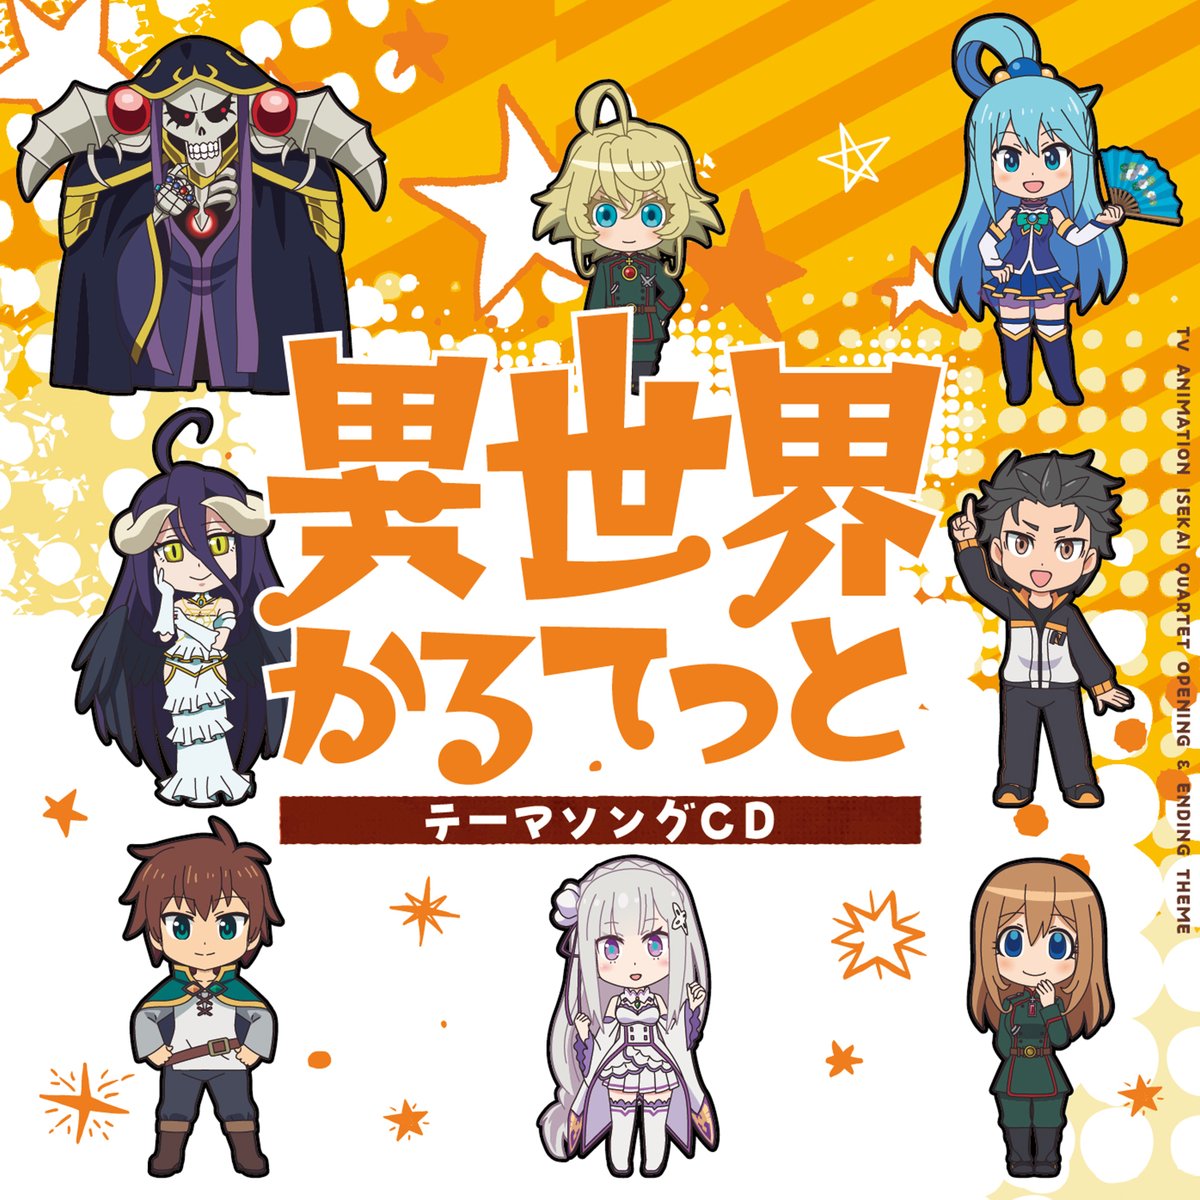 Ao Oni Online x Isekai Quartet Collab Starts from August 8
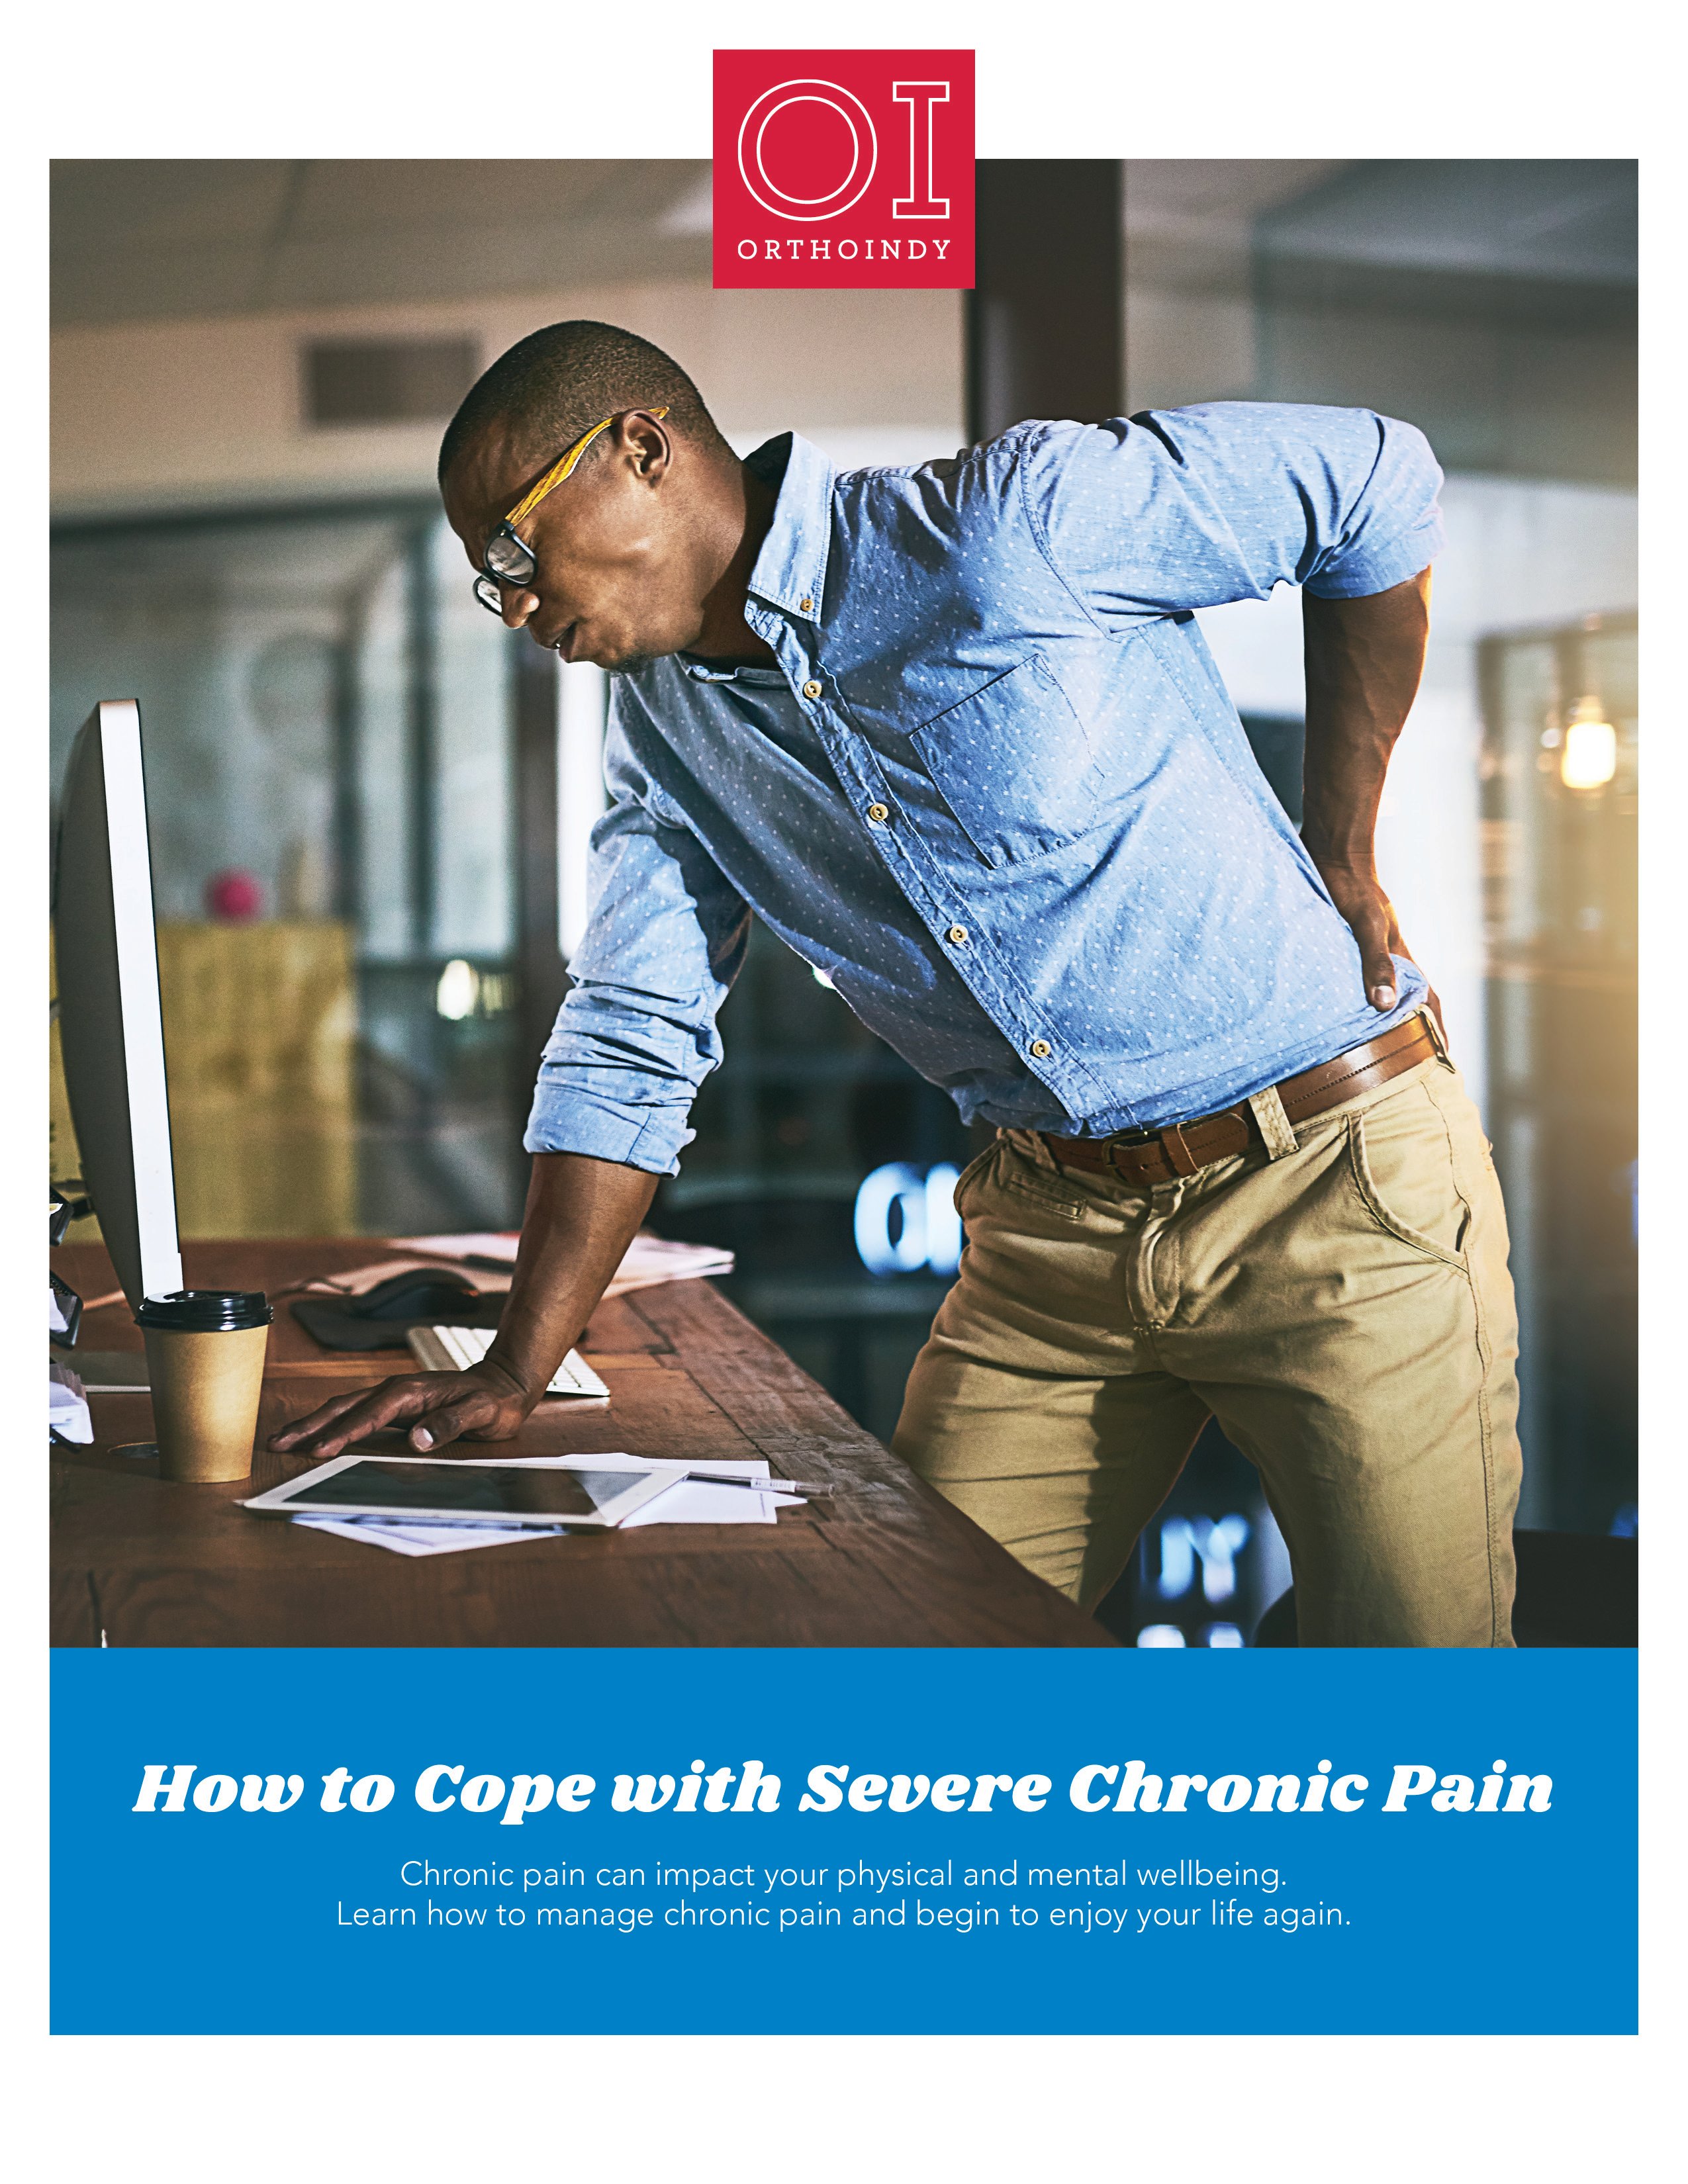 How to cope with severe chronic pain
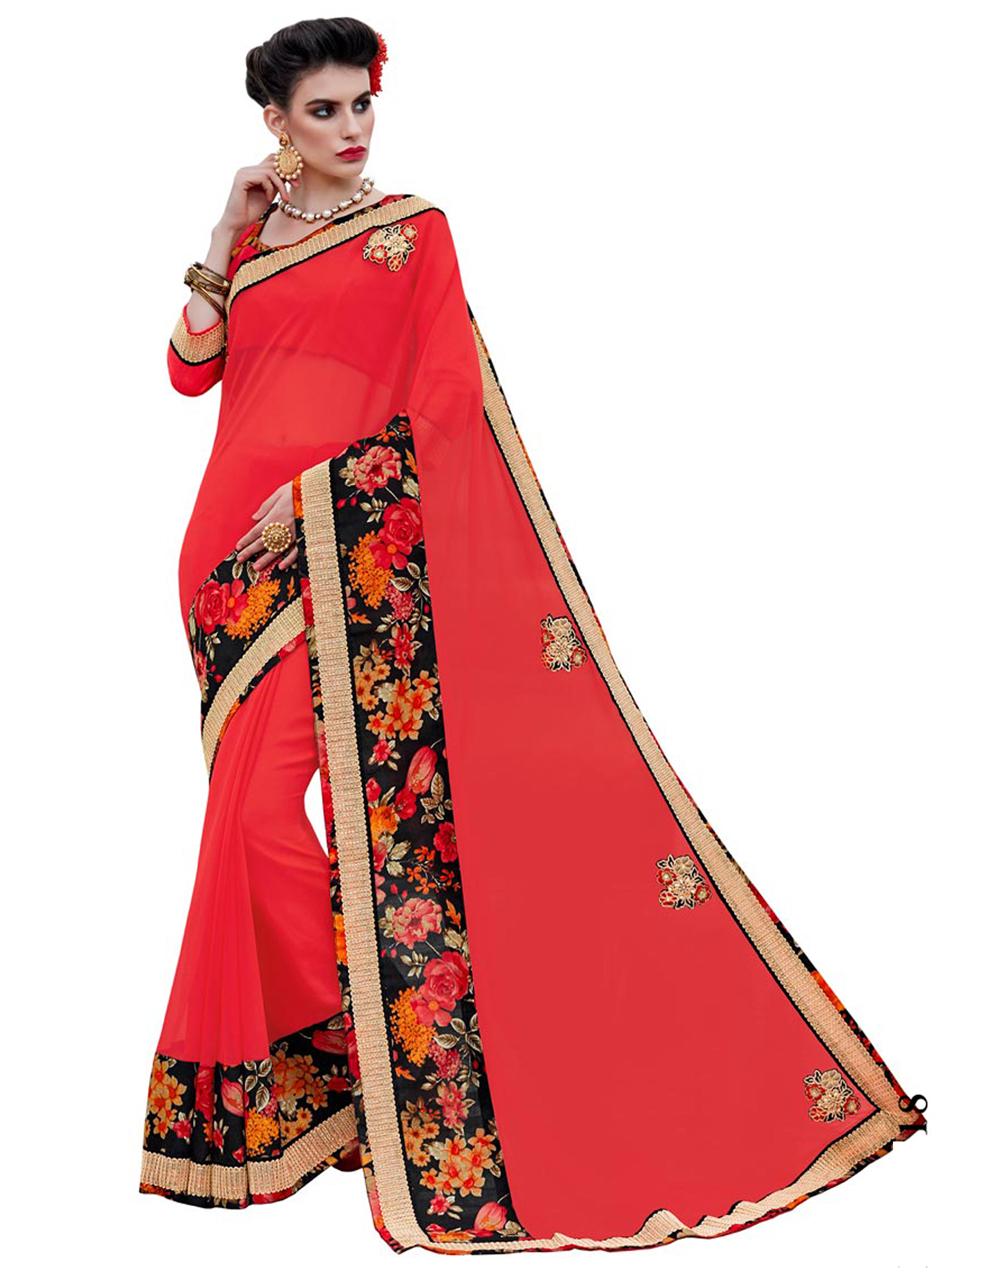 Red Georgette  Half and Half Saree With Blouse IW14718

[WORK ITEM] Find the line holding "How to cope with severe chronic pain" in the data above. Retype it and every later line exactly, through the end, but not the pictures.

[OUTPUT BELOW]
 How to cope with severe chronic pain
 Red Georgette  Half and Half Saree With Blouse IW14718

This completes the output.